Was Insieme weiter stört: «Die Wahlfreiheit wird massiv eingeschränkt.» Dies, weil der Kanton Vorgaben zu seinen Leistungen setzen wolle. Für Alba-Chefin Wüthrich ist dies ein normales Vorgehen: «Der Kanton will sicherstellen, dass das Geld, das er für einen bestimmten Bedarf spricht, auch für diesen eingesetzt wird. Und nicht für etwas anderes.» Es gehe darum, Steuergelder transparent einzusetzen.

Der Verband kritisiert zudem, dass der Kanton eine Obergrenze für eine ambulante Betreuung vorsieht. Konkret: Ab einem gewissen Betrag soll nur eine institutionelle Lösung möglich sein. Laut Wüthrich ist dies ebenfalls ein Element, die Kosten zu steuern. Wie es genau ausgestaltet werde, sei noch offen.

Die Kantonale Behindertenkonferenz, der Dachverband von 40 bernischen Organisationen, findet die finanziellen Konsequenzen intransparent. Privat Wohnende würden ungleich behandelt, und die Kontrollvorstellungen der GEF würden das System bürokratischer machen.

«Richtig und mutig»

In der Politik hingegen begrüsst man die Kehrtwende des Kantons. Die Geschäftsprüfungskommission hatte schon 2016 Vorbehalte, dass Bern mit Vibel eine eigene Schiene fahren wollte. «Der jetzige Entscheid gibt unseren Befürchtungen leider recht», sagt ihr Präsident Peter Siegenthaler (SP, Thun). Er kritisiert, dass der Kanton mit der Entwicklung von Vibel Geld «in den Sand gesetzt» habe.

Auch Gesundheits- und Fürsorgepolitiker begrüssen die neue Stossrichtung: FDP-Grossrat Hans-Peter Kohler (Spiegel), Präsident der Gesundheits- und Sozialkommission, findet es «richtig und mutig», dass der Kanton Vibel stoppt. «Das System war zu kompliziert und zu komplex. Das ist nicht immer praxistauglich und generiert sofort Mehrkosten», sagt er. Die Grundausrichtung, dass Menschen ihre Betreuungsart frei wählen können, bleibe auch ohne Vibel bestehen.

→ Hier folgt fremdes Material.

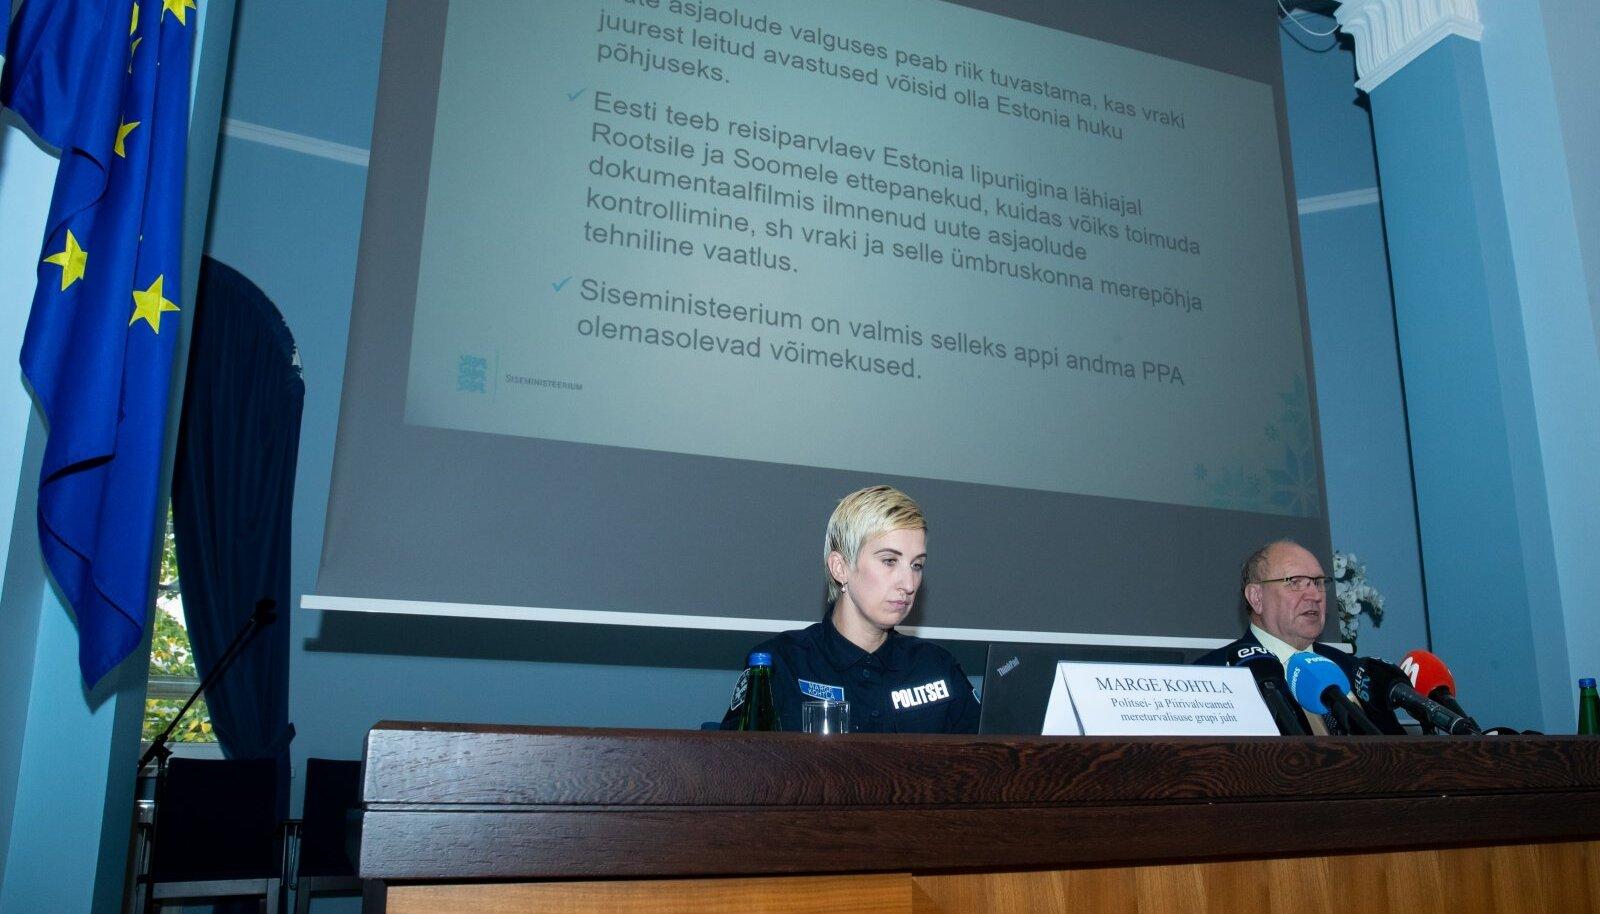 Tallinn, 01.10.2020. Siseminister Mart Helme selgitas koos PPA mereturvalisuse grupi juhi Marge Kohtlaga PPA tehnilist võimekust Estonia vraki ja selle ümbruskonna merepõhja vaatluseks.

GLP-Grossrätin Barbara Mühlheim (Bern) hält das Vorgehen des Kantons für einen «absolut gangbaren Weg, der nicht in ein finanzielles Abenteuer mündet». Zudem blieben die wesentlichen Pfeiler des Behindertenkonzepts bestehen. Die GEF will bis 2020 ein Gesetz basierend auf IHP entwerfen, das 2023 in Kraft treten soll.